Affiliation:
1. Department of Computer Science and Engineering The Northcap University Gurugram Haryana India
2. Department of Mathematics Heramba Chandra College Kolkata India
Abstract
ABSTRACTBreast masses are often one of the primary signs of breast cancer, and precise segmentation of these masses is essential for accurate diagnosis and treatment planning. Diagnosis may be complex depending on the size and visibility of the mass. When the mass is not visible clearly, precise segmentation becomes very difficult and in that case enhancement is essential. Inadequate compression, patient movement, or paddle/breast movement during the exposure process might cause hazy mammogram images. Without enhancement, accurate segmentation and detection cannot be done. As there exists uncertainties in different regions, reducing uncertainty is still a main problem and so fuzzy methods may deal these uncertainties in a better way. Though there are many fuzzy and advanced fuzzy methods, we consider Pythagorean fuzzy set as one of the fuzzy sets that may be powerful to deal with uncertainty. This research proposes a new Pythagorean fuzzy methodology for mammography image enhancement.
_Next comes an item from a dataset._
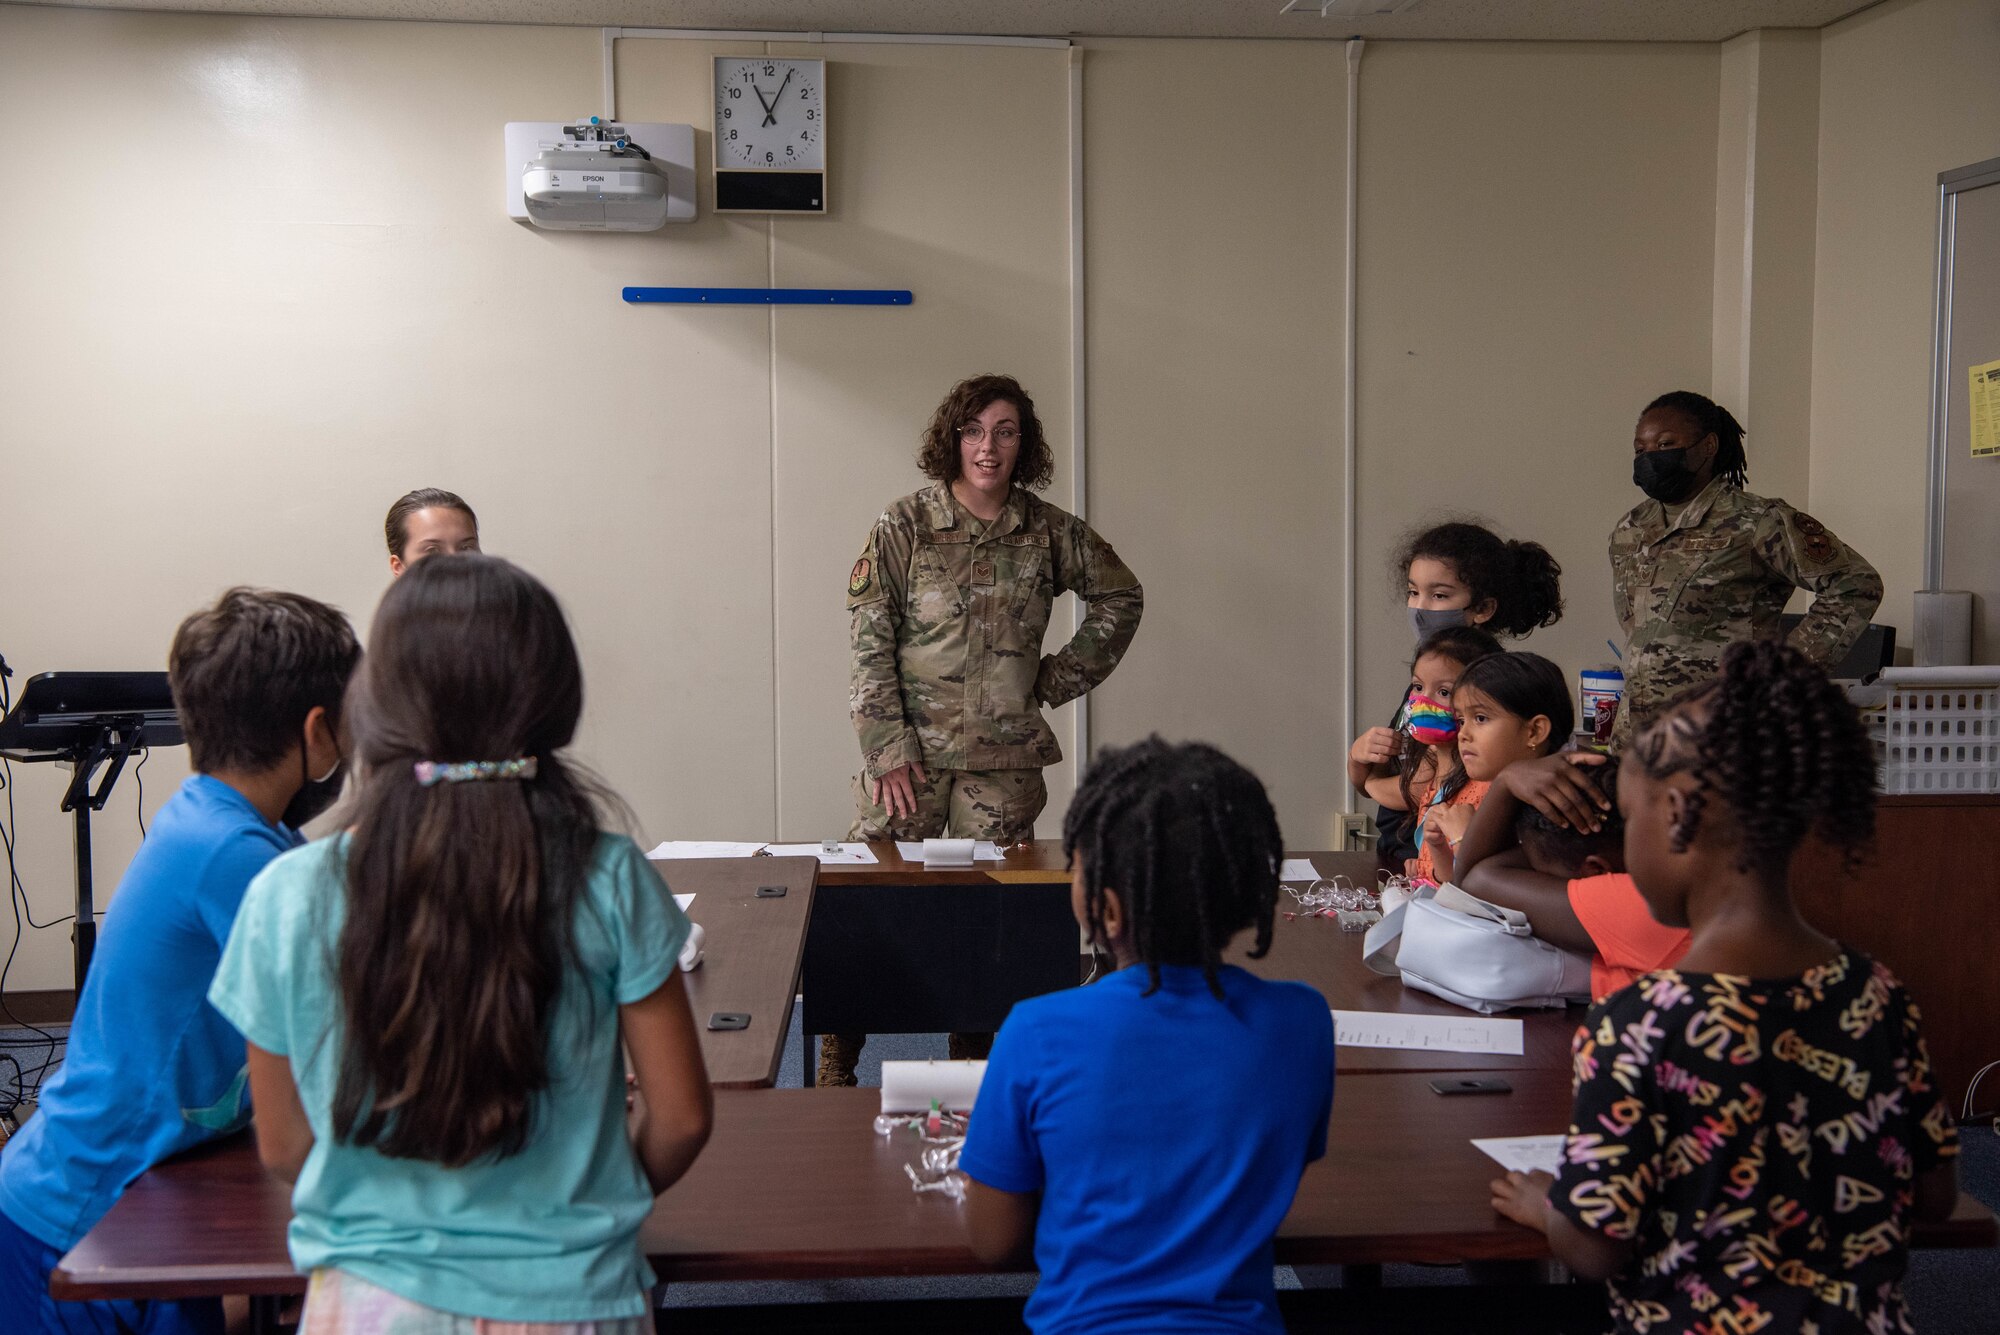 An Airman gives a presentation to a group of students.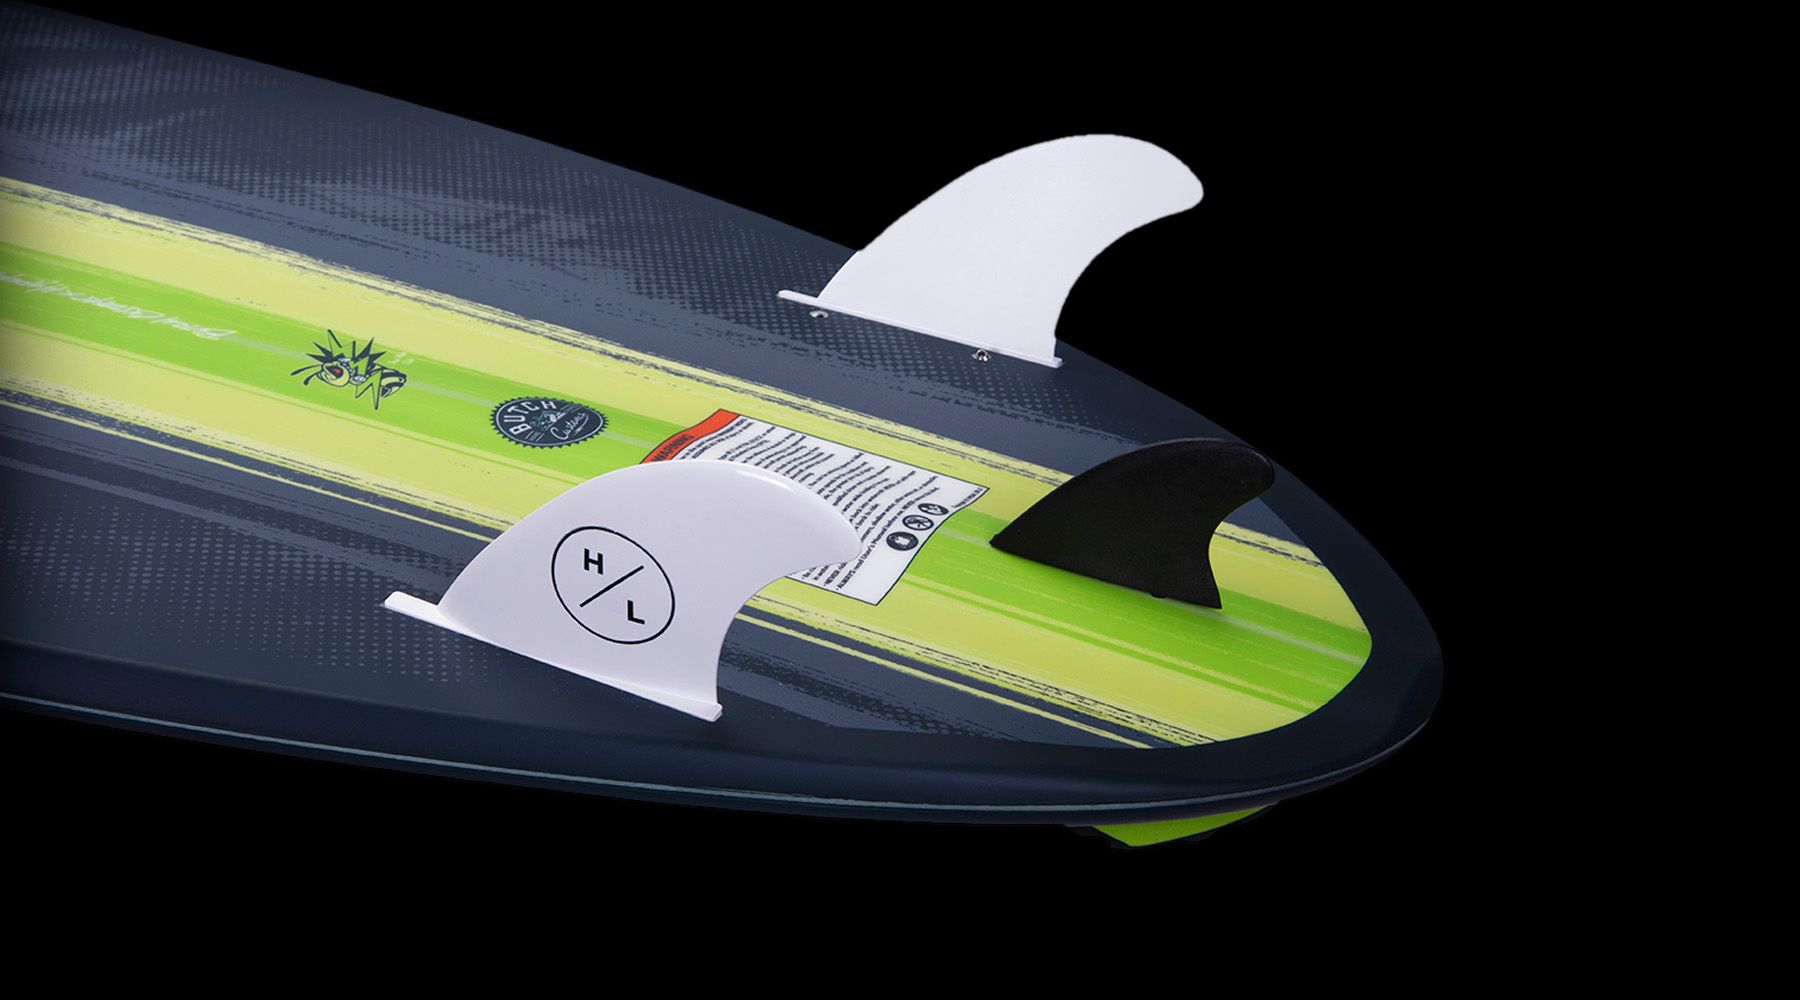 A Hyperlite 2023 Buzz Wakesurf Board with DuraShell construction and fins attached to it.

The image is first transformed into a fuzzy image, and the nonmembership function is then calculated using a newly created Pythagorean fuzzy generator. Membership function of Pythagorean fuzzy image is computed from nonmembership function. The plot between the membership value and the hesitation degree is used to calculate a constant term in the membership function. Next, an enhanced image is obtained by applying fuzzy intensification operator to the Pythagorean fuzzy image. The proposed method is compared qualitatively and quantitatively with those of non‐fuzzy, intuitionistic fuzzy, Type 2 fuzzy, and Pythagorean fuzzy methods, it is found that the suggested method outperforms the other methods. To show the usefulness of the proposed enhanced method, segmentation is carried out on the enhanced images.